Just a single year ago when the outfielder was with the San Francisco Giants, Pence’s numbers carried weren’t quite as appealing (.226/.258/.332 in 235 at-bats) and everyone assumed the epilogue in his career had been written in permanent marker. But instead of getting a life alert button and looking up casting calls for the third installment of Cocoon, Pence revamped his swing in the Dominican Winter League with Toros del Este. Not only did he adjust his signature swing and raise his exit velocity, but he managed to put a tiny cap on his wacky running style.

That’s right. He no longer looks like a Jack Russell attempting to run away in snow wearing socks for the first time.

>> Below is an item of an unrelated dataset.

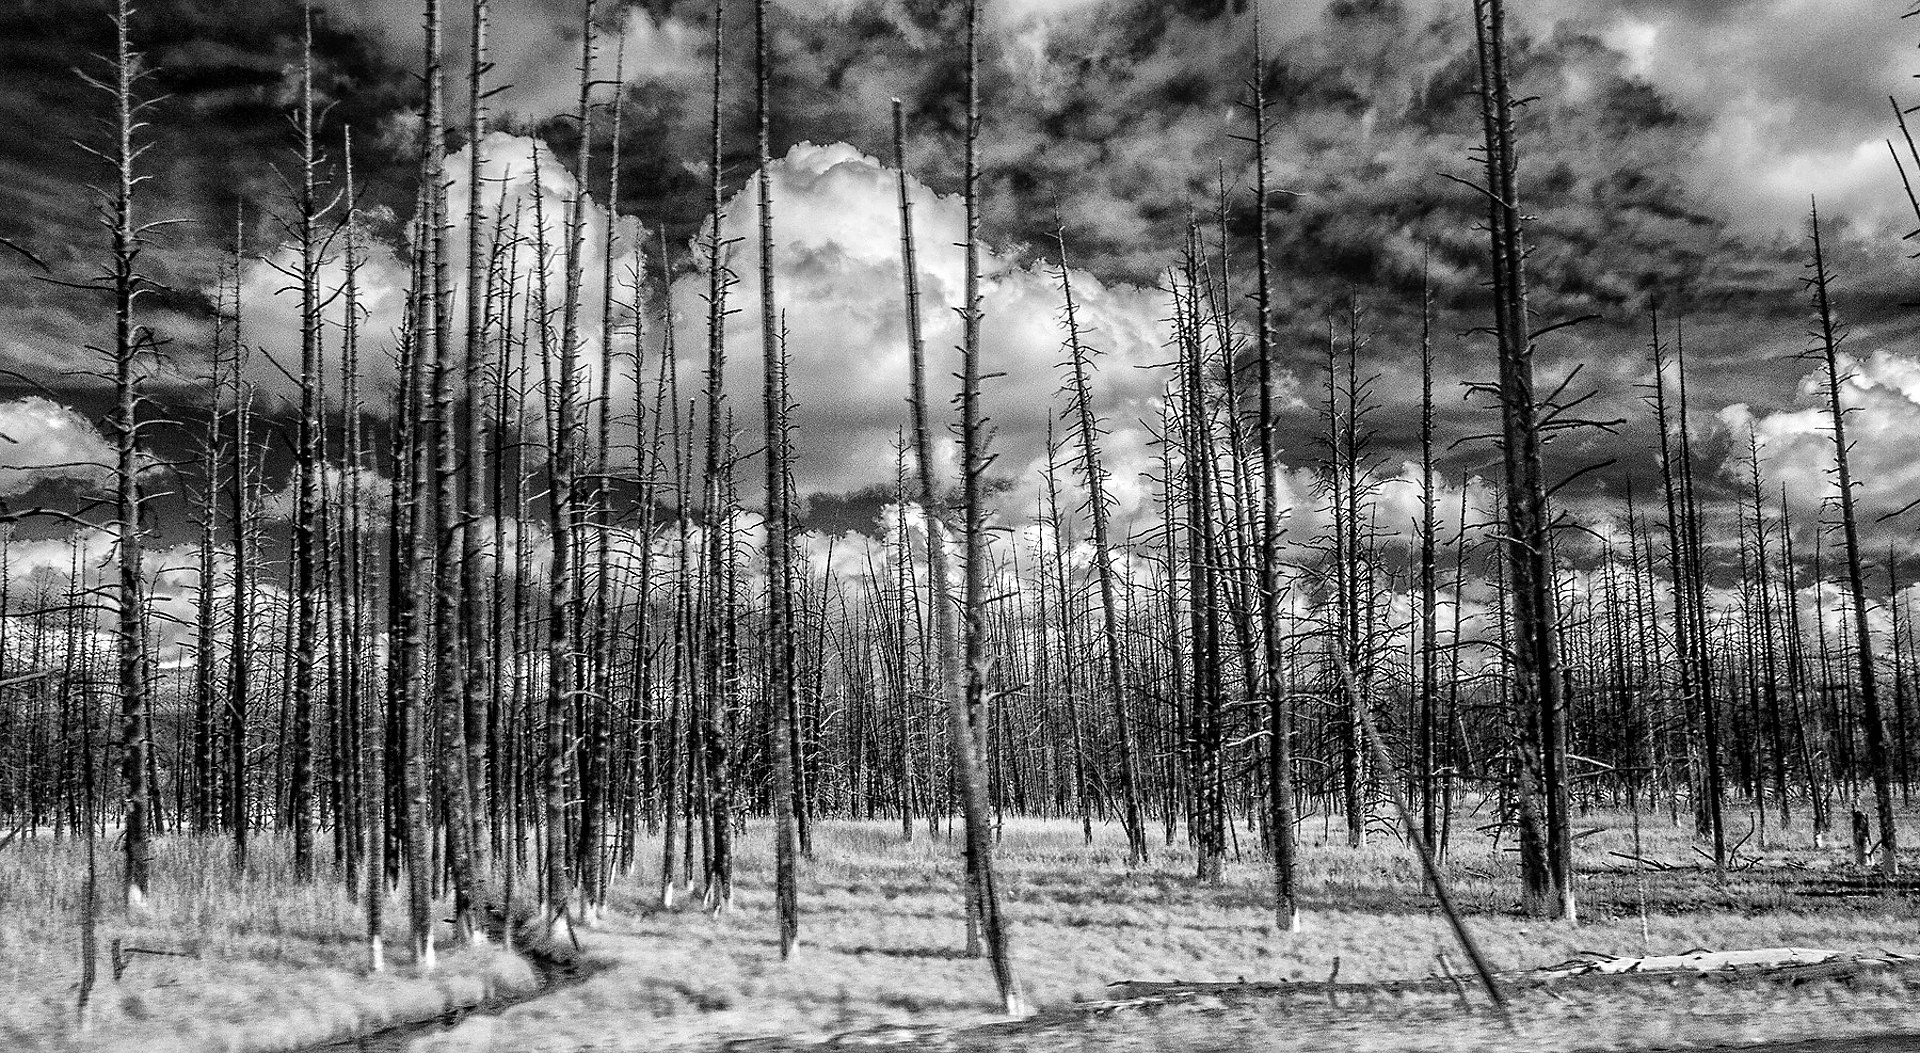 Burnt Forest, Yellowstone Park, 2014
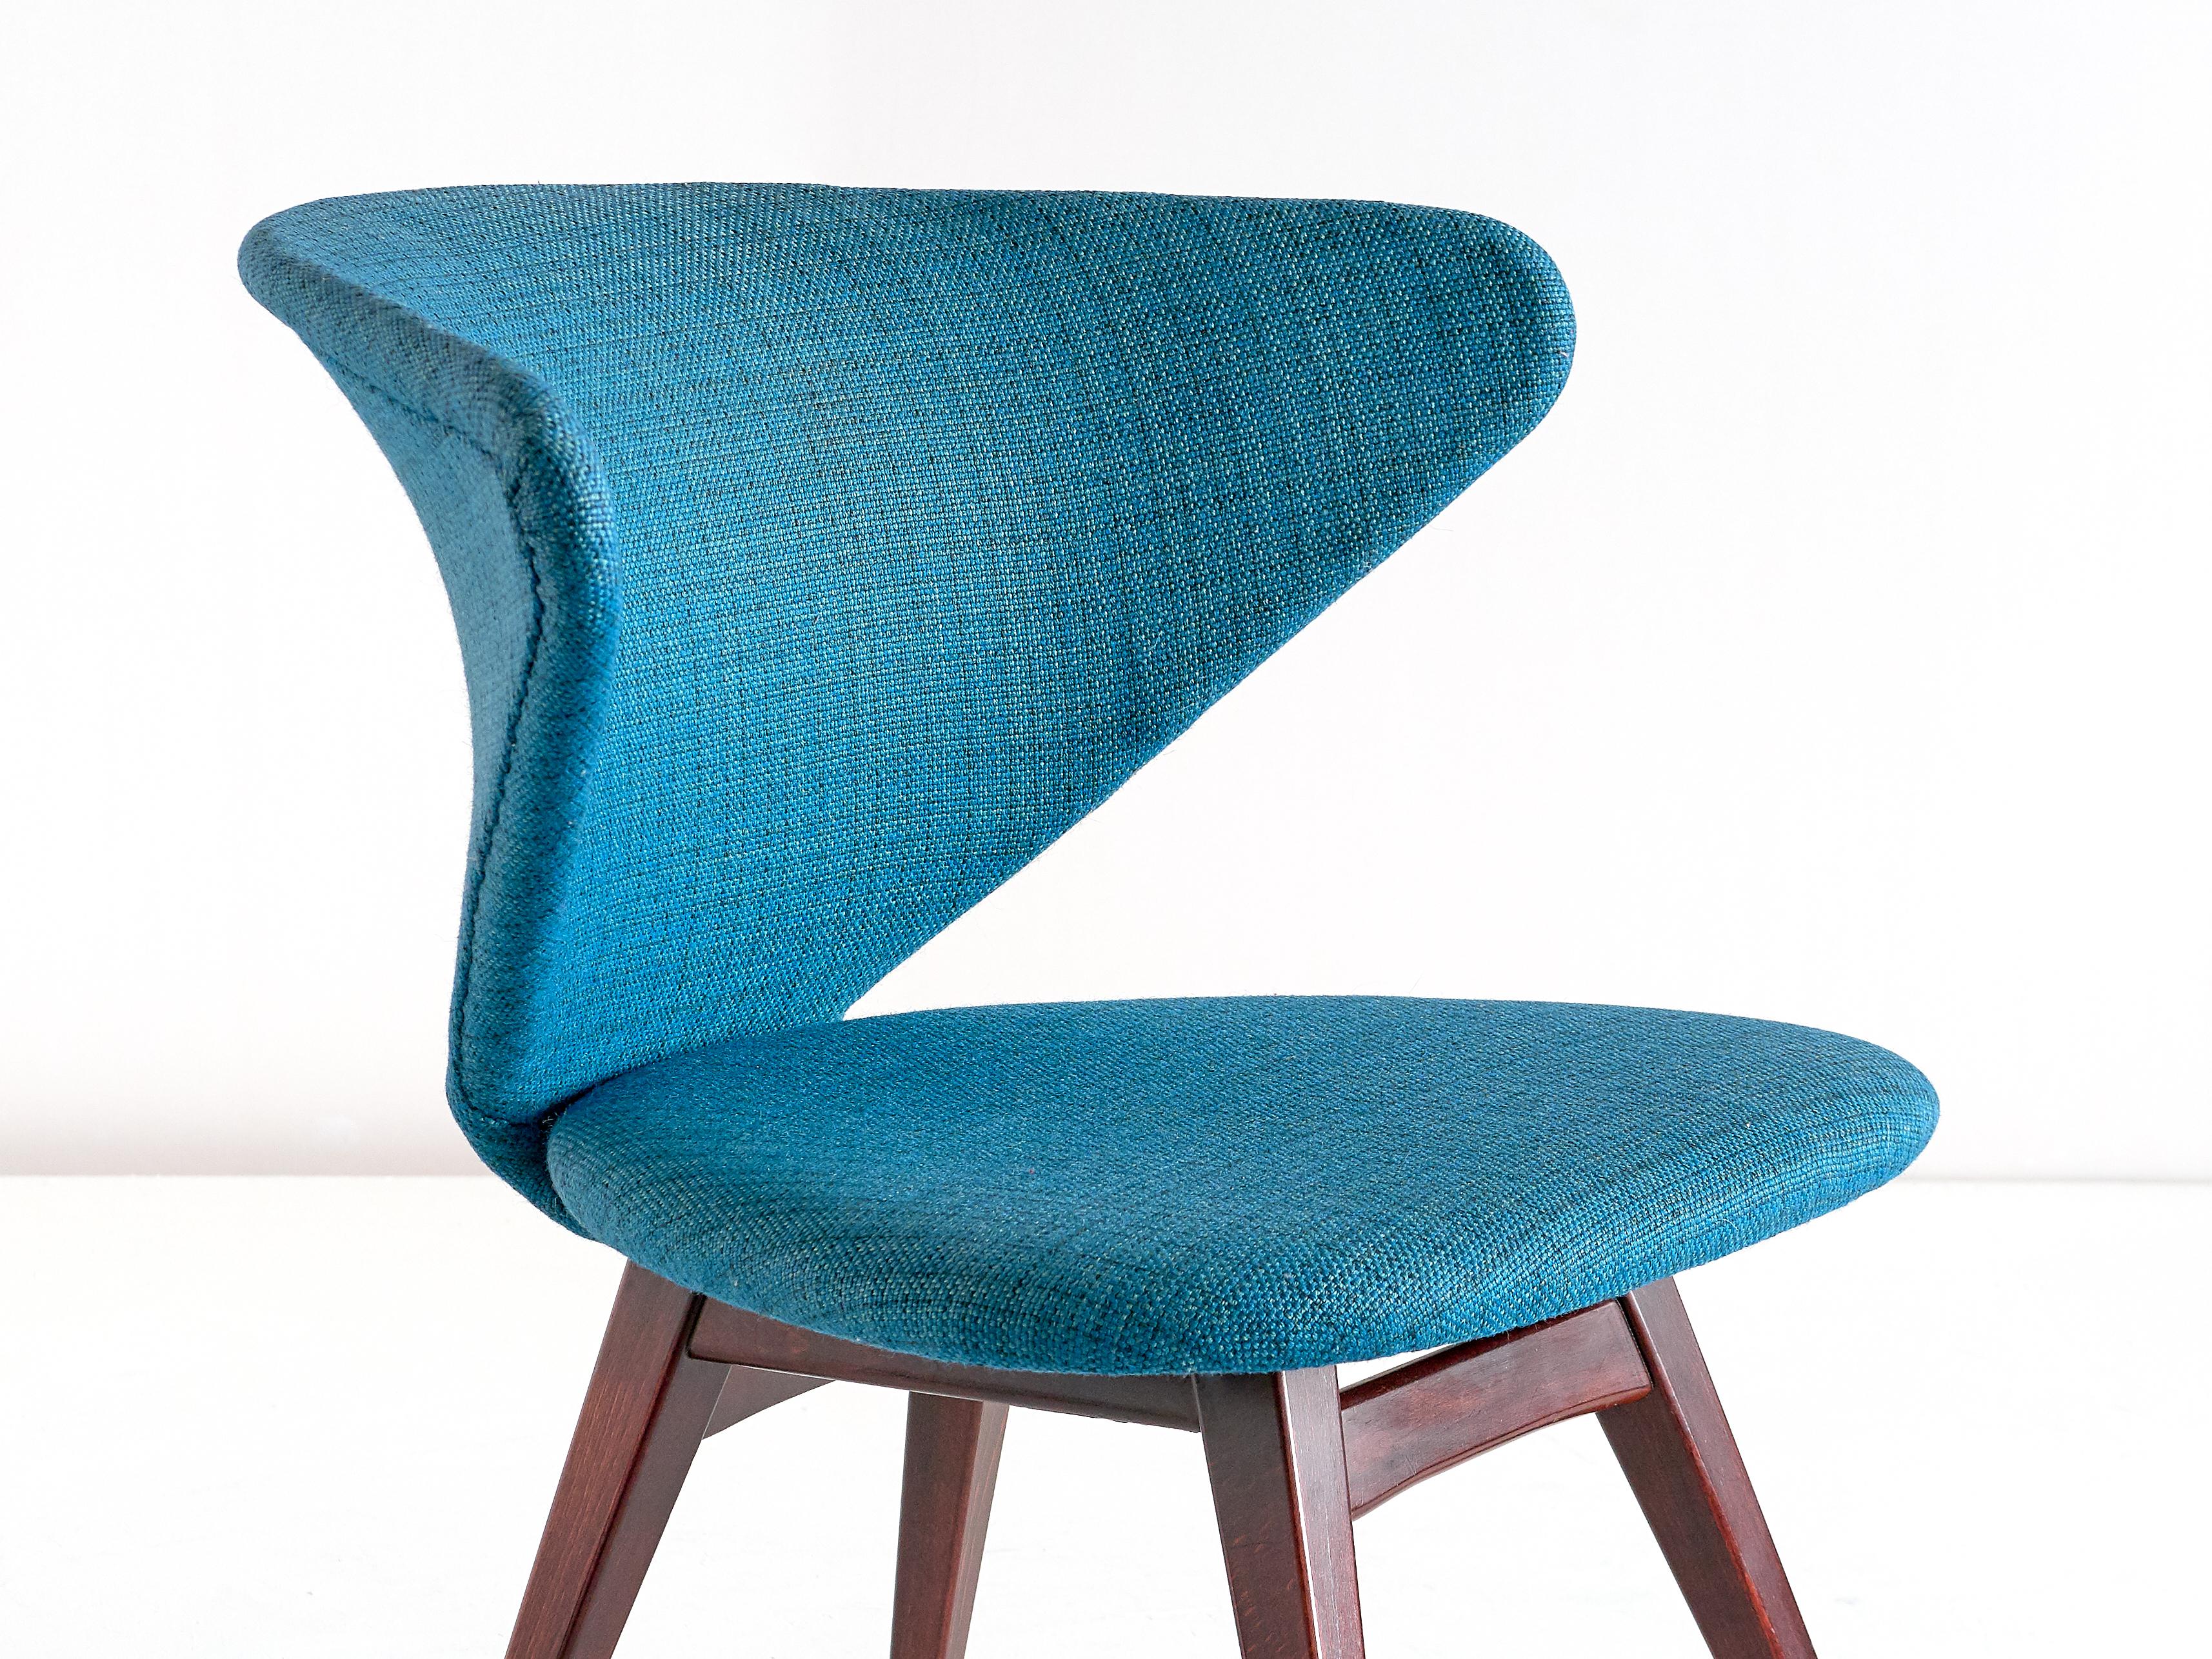 Mid-20th Century Sigfrid Ljungqvist Wing Shaped Chair, Petrol Blue Fabric and Beech, Sweden, 1958 For Sale

Pence isn’t the only one making noise in the offense department for the Rangers. Get a load of this googly-eyed, baby-faced dude:

Whispers are starting to circulate that center fielder Joey Gallo has gone off the rails in a remarkable way and he’s making himself a case for Most Valuable Player (there’s a reason why these are just whispers though, folks – calm the heck down and don’t put a price on my head just yet). Gallo is leading the league in OPS (1.113) and hitting .293/.426/.687. I mean, c’mon – that’s freaking amazing. The dark smudges on his paperwork don’t come from him himself, but from the fact that the Rangers perhaps won’t make the playoffs (I said PERHAPS, leave me alone).

After sweeping the Mariners, there’s a reason why the Rangers and their fans have a sudden burst of optimism and a skip in their step. But don’t forget that they have the pesky Houston Astros in their division and while they’re sitting below them in second place in the AL West, they’re 7.0 games behind with a pretty treacherous road ahead of them.

Listen, the Rangers have suffered through a pretty bleak decade so far. If you bring up the 2011 World Series to anyone within a 300-mile radius of the Dallas-Fort Worth metroplex, you’ll get pummeled with a sea of Whataburger spicy ketchup and freakin’ drown while questioning all your life’s decisions. Not only that, but the fanbase has had that earworm tune “Baby Shark” forced on their sanity this season (though the culprit of that, the beloved Elvis Andrus, sustained a right hamstring strain and was placed on the 10-day injured list. Baby shark be damned!)

So the fanbase who has been through quite a ride will continue to enjoy their entertaining team without an ounce of regret - come rain or tornado shine.